Let \(p_i = 1/n\) be probability of sampling subject \(i\) from a dataset with \(n\) individuals (i.e. rows of the dataset) in the classic resampling with replacement scheme.
Also, let \(q_i\) be the probability of sampling subject \(i\) from a dataset with \(n\) individuals in our new resampling scheme. Let \(d(q,p)\) represent a distance between the two resampling schemes. The `tweights`

function seeks to solve the problem:
$$q = argmin_p d(q,p)$$
Subject to the constraint that:
$$ sum_i q_i = 1$$ and
$$ dataset' q = target$$
where dataset is a n x K matrix of variables input to the function.

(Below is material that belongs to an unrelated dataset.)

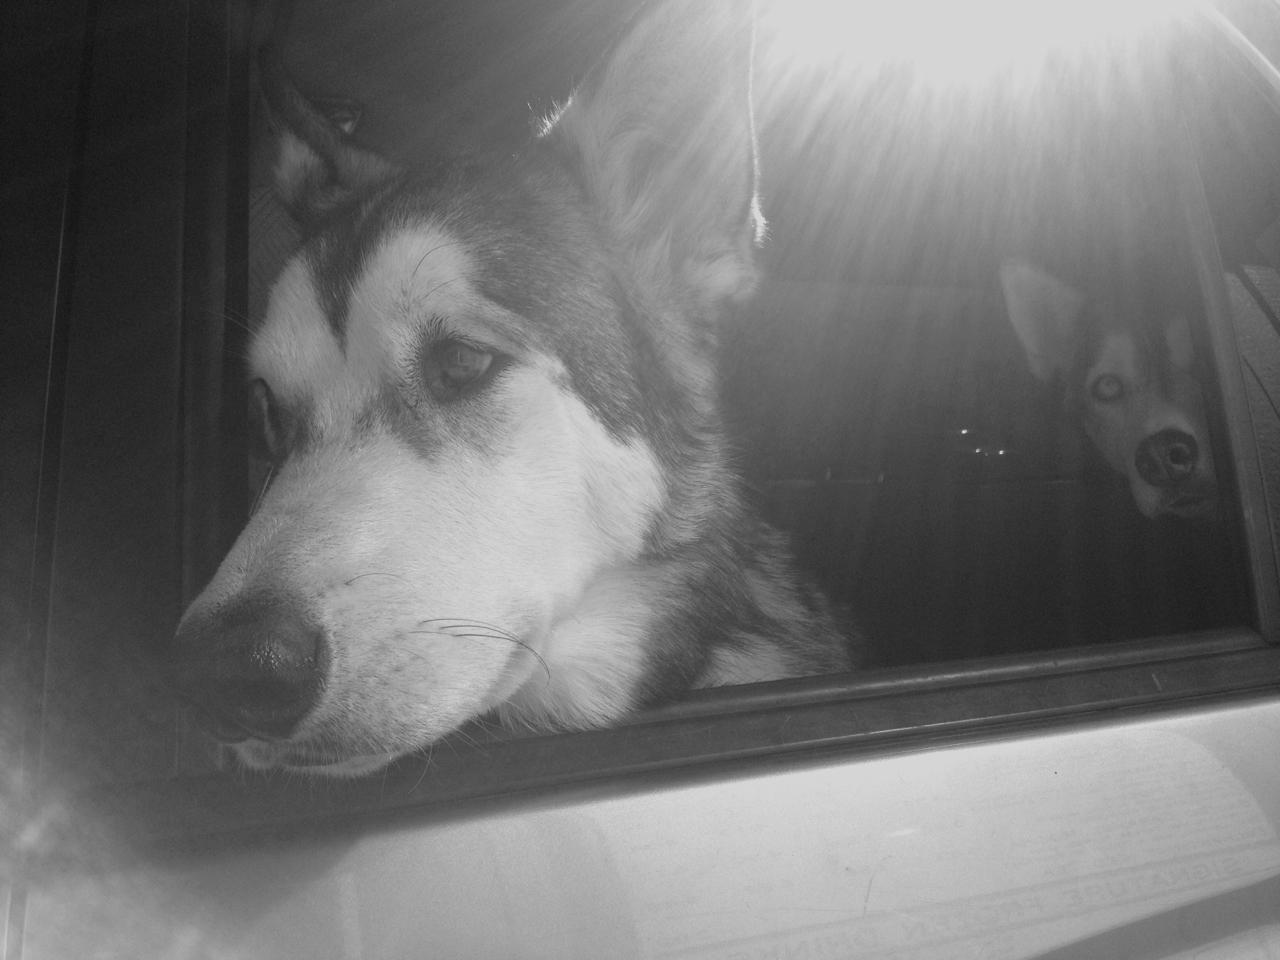 Ludo with kieska peeking through.

$$d_euclidian(q,p) = sqrt( sum_i (p_i-q_i)^2 )$$ $$d_kl(q,p) = sum_i (log(p_i) - log(q_i))$$

Optimization for euclidean distance is a quadratic program and utilizes the ipop function in kernLab. The euclidean based solution helps form a starting value which is used along with the constOptim function and lagrange multipliers to solve the Kullback-Leibler distance optimization. Output is the optimal porbability (p)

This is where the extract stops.